Riggan Thomson (Michael Keaton) is undergoing a long dark night of the soul. Formally the star of a series of successful superhero movies, he is attempting to rejuvenate his career by appearing on Broadway in an adaptation of a Raymond Carver short story which he has written himself. When his lead actor is injured the night before the first performance, he manages to acquire the services of Mike Shiner (Ed Norton) a conceited method actor who is as destructive as he is accomplished. Meanwhile Riggan juggles the affections of his daughter cum personal assistant, Sam (Emma Stone), his lover Laura (Andrea Riseborough) his lead actress Lesley (Naomi Watts) and his manager, Jake (an unusually retrained Zach Galifiniakis.) But the spectre of his previous screen persona still haunts him and he is having terrible trouble differentiating between what is real and what is imaginary…

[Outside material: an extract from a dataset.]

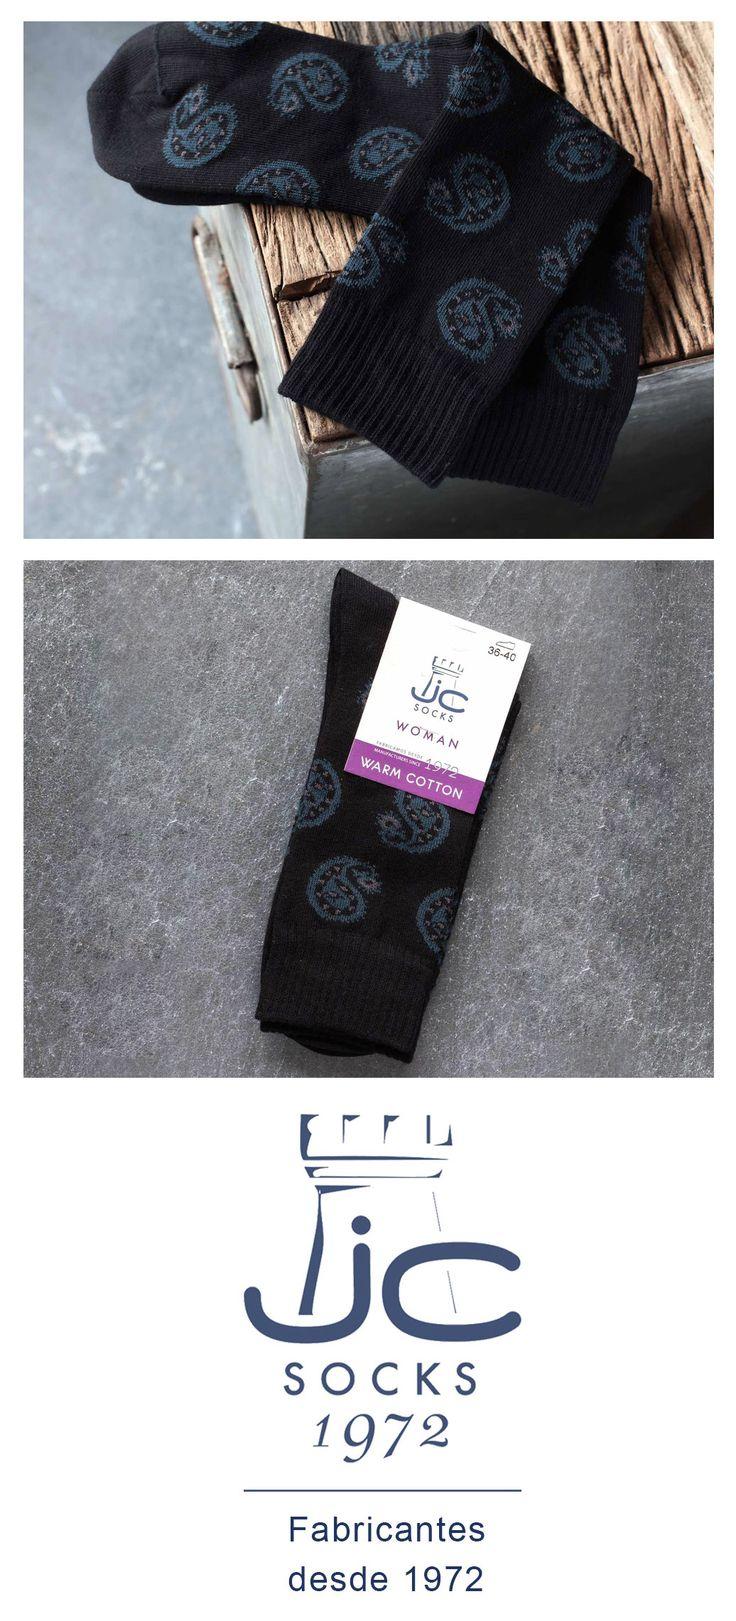 Calcetines mujer invierno. Fabricantes de calcetines desde 1972

The film is never less than captivating and from time to time takes off on inspired flights of fantasy that dazzle the eye and stir the imagination. Keaton is a revelation in the lead role, giving the audience insights into the mind of a man who is constantly on the edge of insanity (his previous incarnation as Tim Burton’s Batman gives the story added poignancy) and the script comes laced with a vein of dark humour that never shrinks from savaging the very industry that has nurtured it. If the other films of 2015 are in this league it’s going to be a fine year indeed.